The Surprising Shift in Elderly ICU Admissions

Greg Martin, MD


June 13, 2016

Longitudinal Changes in ICU Admissions Among Elderly Patients in the United States

Sjoding MW, Prescott HC, Wunsch H, Iwashyna TJ, Cooke CR
Crit Care Med. 2016 Mar 10. [Epub ahead of print]


The availability and utilization of intensive care unit (ICU) beds continues to change in the US healthcare system.[1,2] Sjoding and colleagues sought to examine changes in the composition of patients admitted to the ICU by describing the demographic characteristics, diagnoses, and outcomes of patients admitted to critical care units in US hospitals over time.

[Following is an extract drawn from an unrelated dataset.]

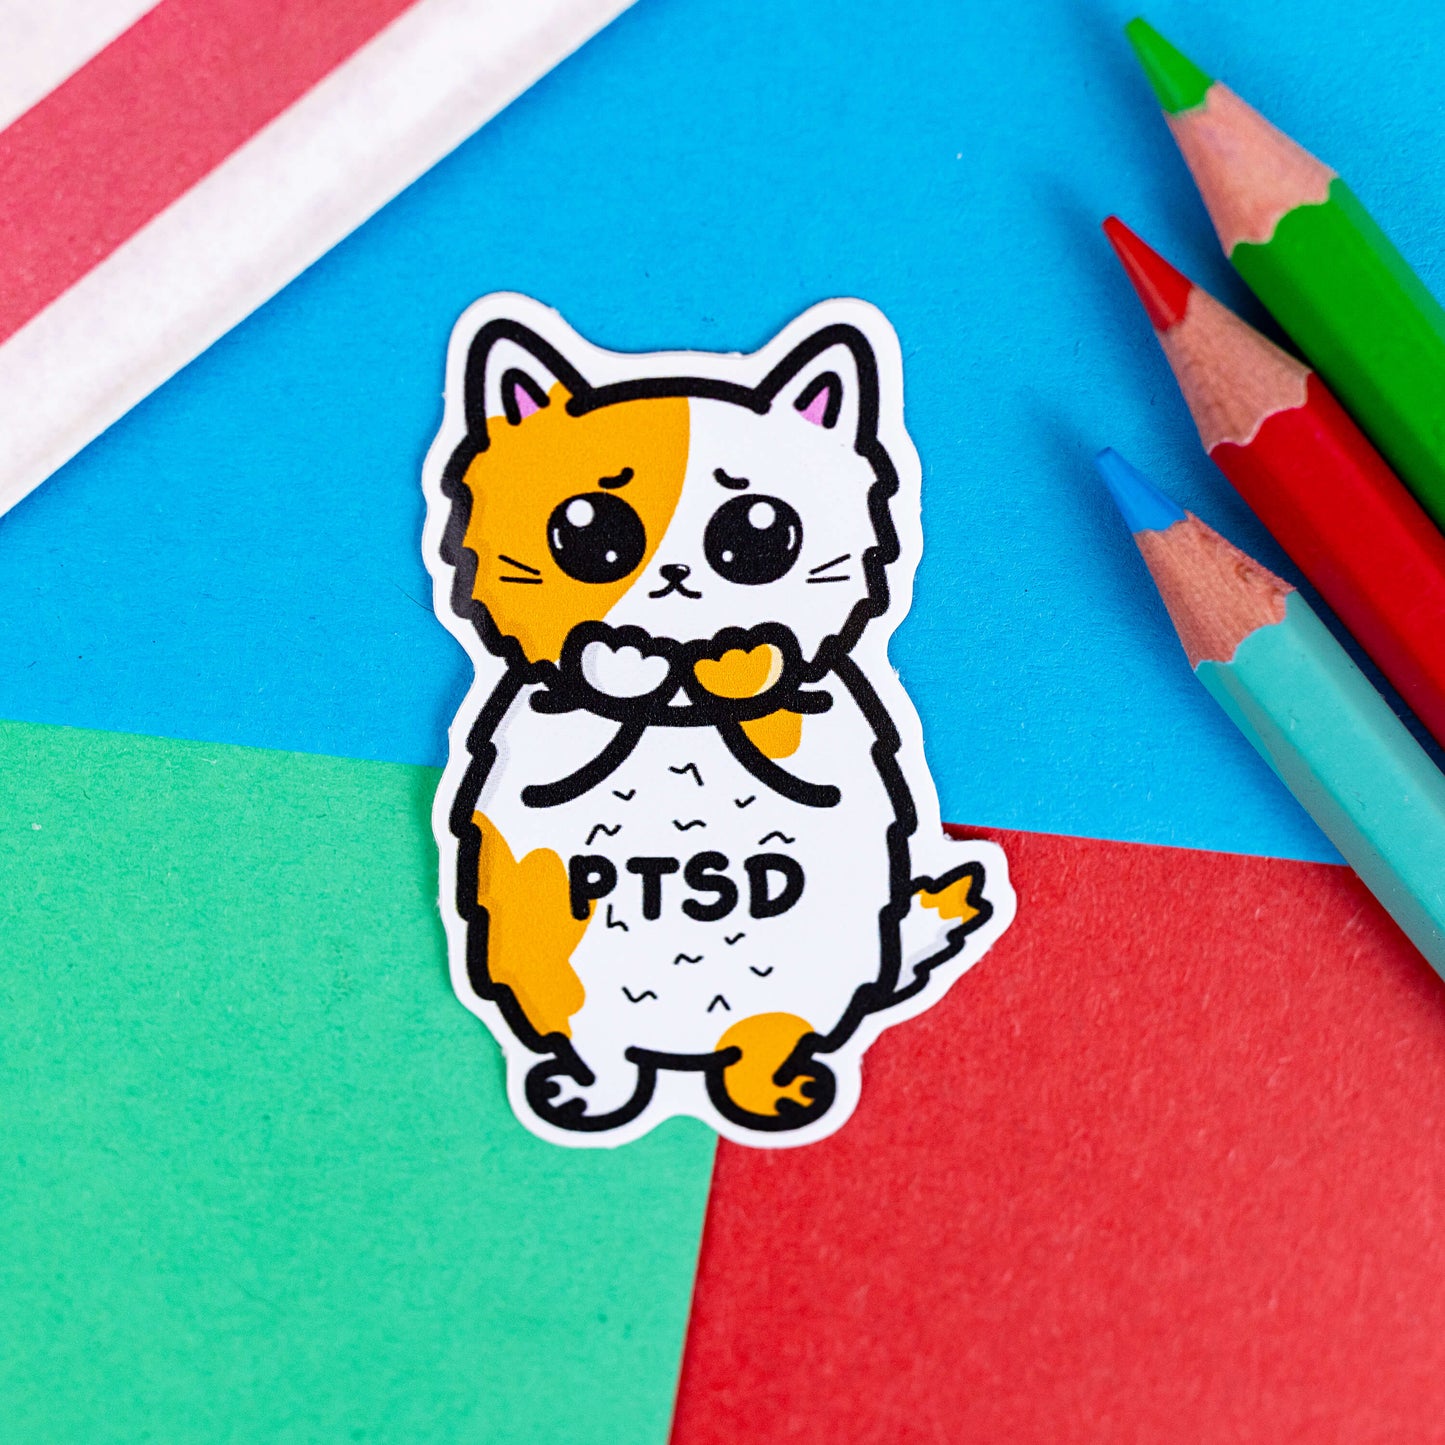 The PTSD Cat Sticker - Post-Traumatic Stress Disorder on a red, blue and green background with colouring pencils and red stripe candy bag. The orange and white scared cat sticker has black text across its middle reading 'PTSD'. The hand drawn design is raising awareness for post traumatic stress disorder.

The authors examined 27.8 million elderly (age > 64 years) Medicare beneficiaries who required ICU care between 1996 and 2010. They noted declines in admissions with a primary diagnosis of cardiovascular disease (coronary artery disease and congestive heart failure) and an increase in infectious diseases with explicitly labeled sepsis, increasing from the 11th-ranked diagnosis in 1996 to the top-ranked primary discharge diagnosis in 2010. Crude in-hospital mortality rose from 11.3% to 12.0%, and there was an increase in discharges to hospice and post-acute care facilities.

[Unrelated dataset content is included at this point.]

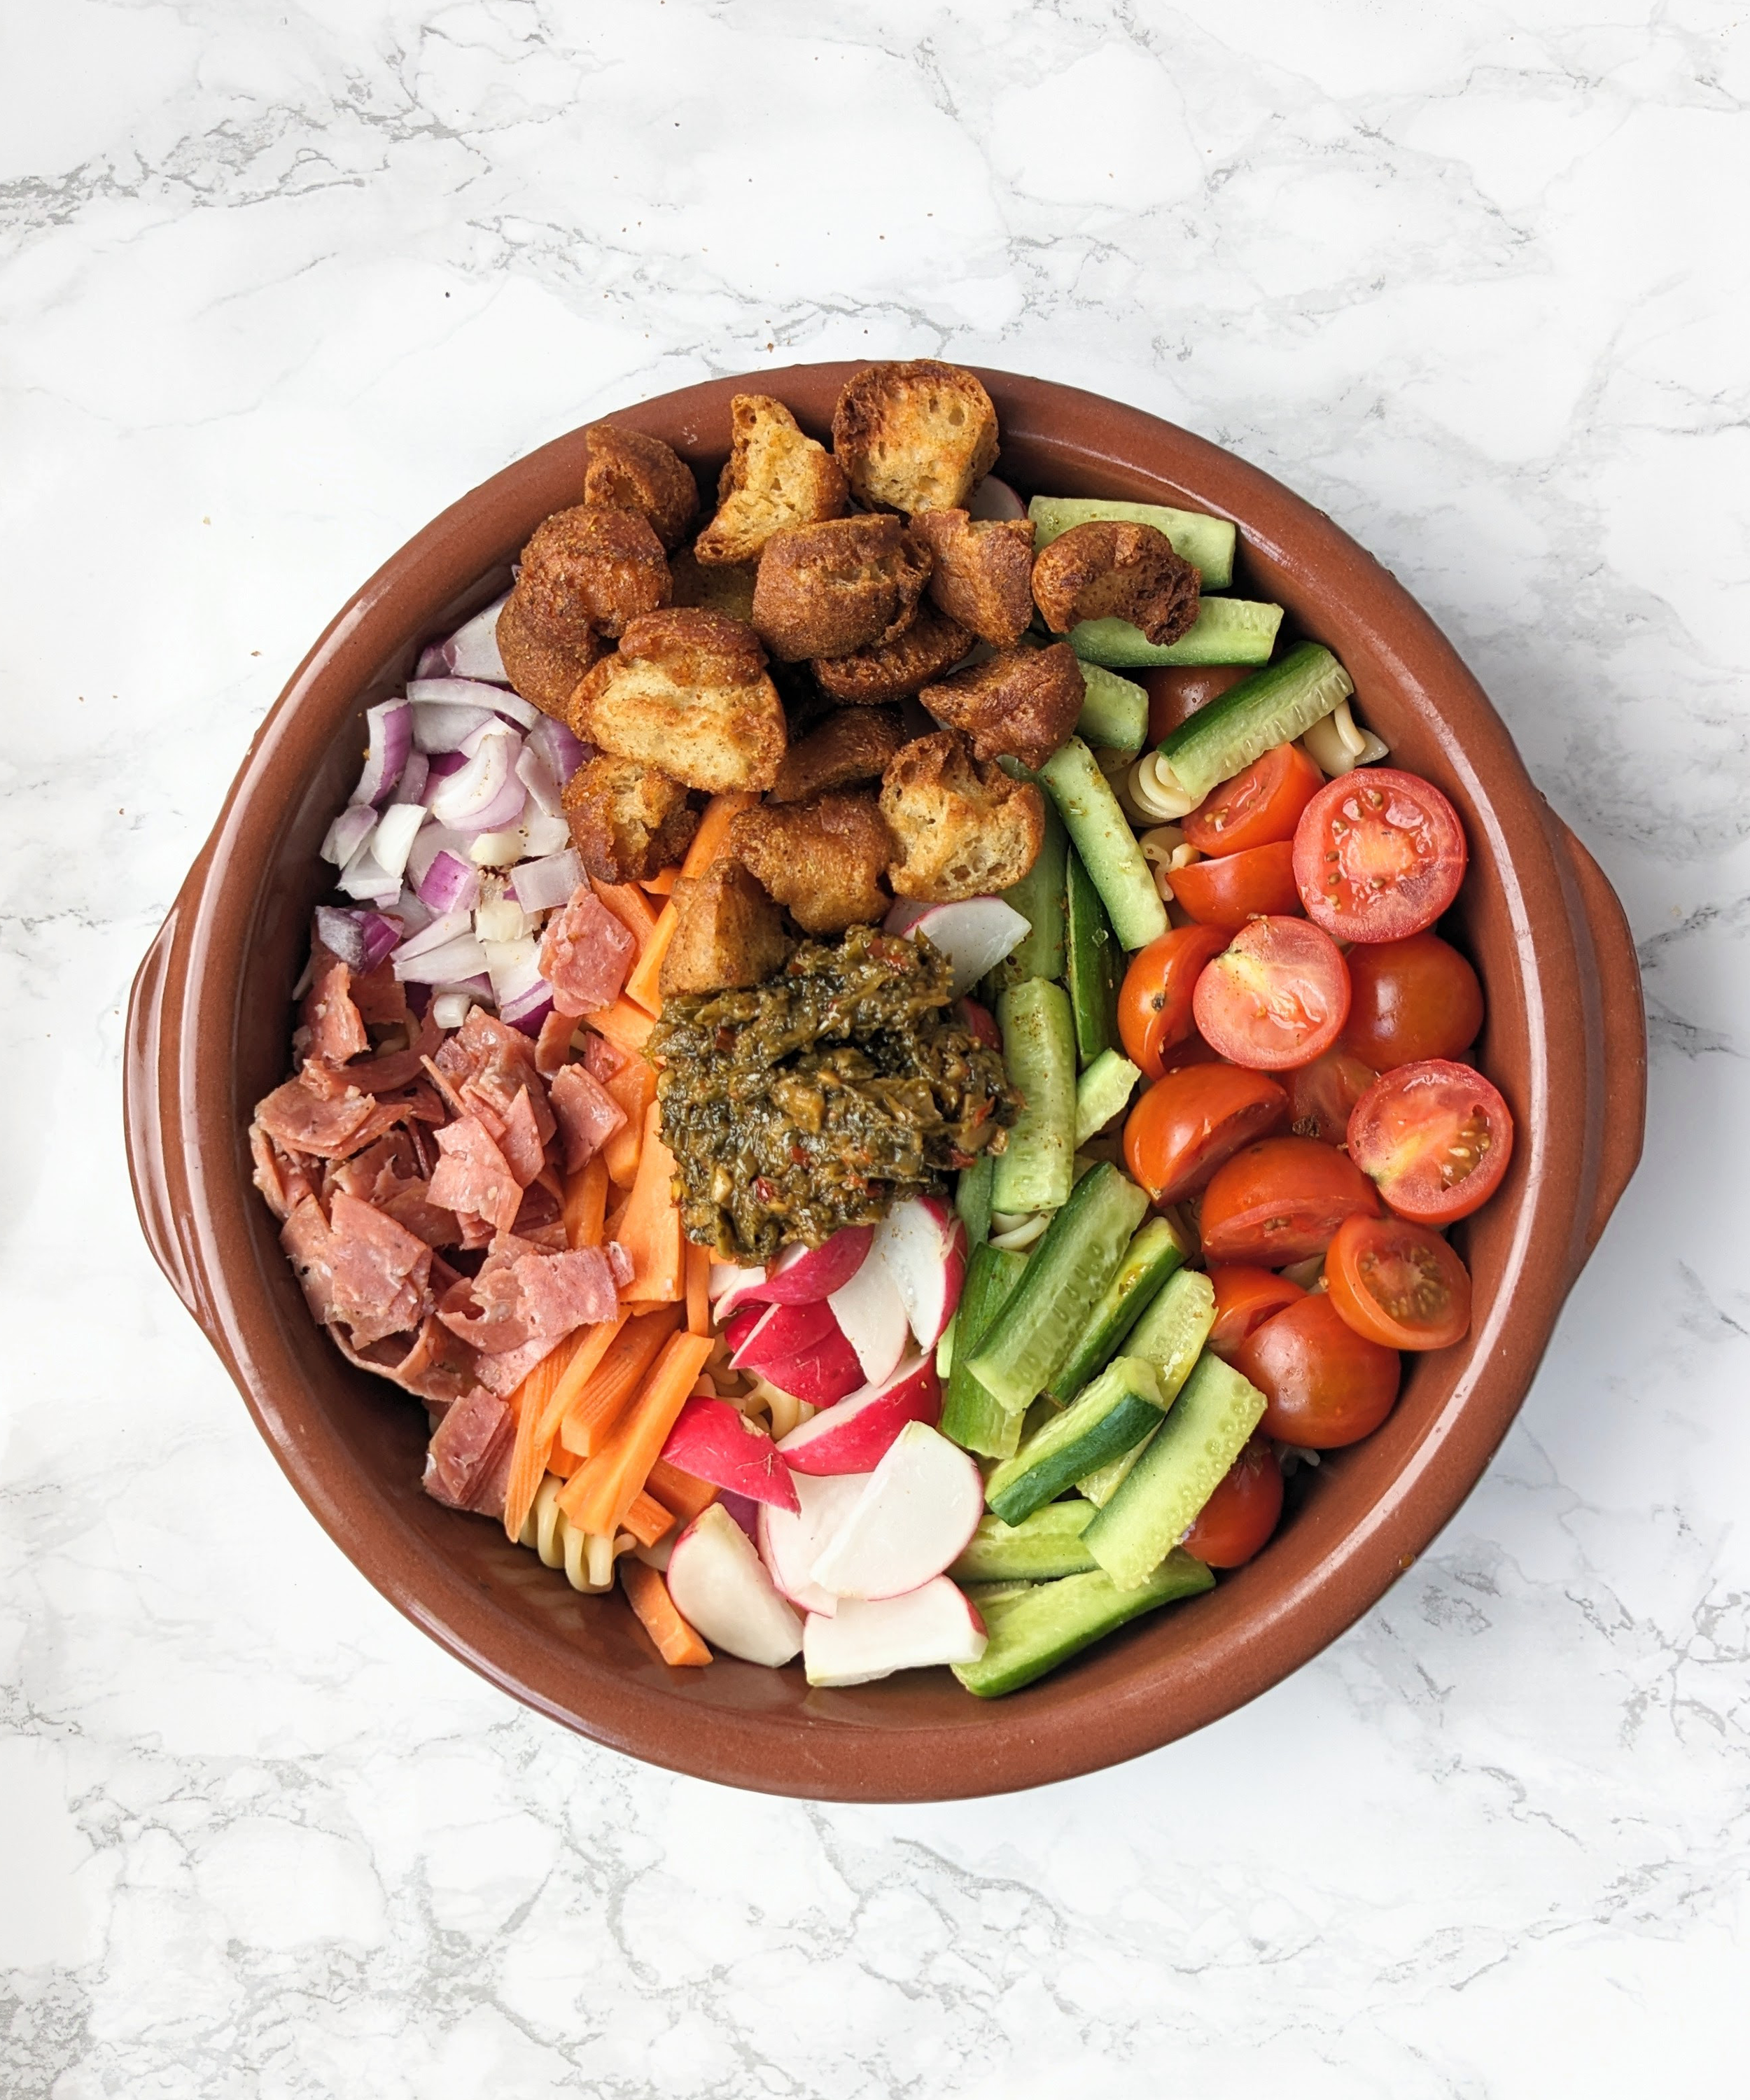 Pasta Salad with Puff Puff Croutons

The authors concluded that primary diagnoses of elderly ICU patients have changed over the past 15 years, with a shift from cardiovascular care to infectious diseases.


Studies describing the epidemiology of healthcare are often impossible to apply to individual patients, yet they may be invaluable for the purposes of public health, research funding, educators, and institutional planning. In this case, there has been a tremendous shift among elderly Medicare patients away from primarily cardiovascular ICU admission diagnoses to a spate of infectious diseases diagnoses. This is somewhat surprising, given that the elderly population has a high prevalence of cardiovascular disease, but perhaps the increasing ability to provide extensive cardiovascular care outside the ICU has obviated ICU services for some diagnoses. In addition, the improved health cardiovascular health profile of Medicare patients has translated to lower ICU utilization for acute cardiovascular conditions.[3]

With these changes in mind, hospitals and public health planners must consider how best to provide critical care services related to infectious diseases as much as or more than the traditional focus on cardiovascular care.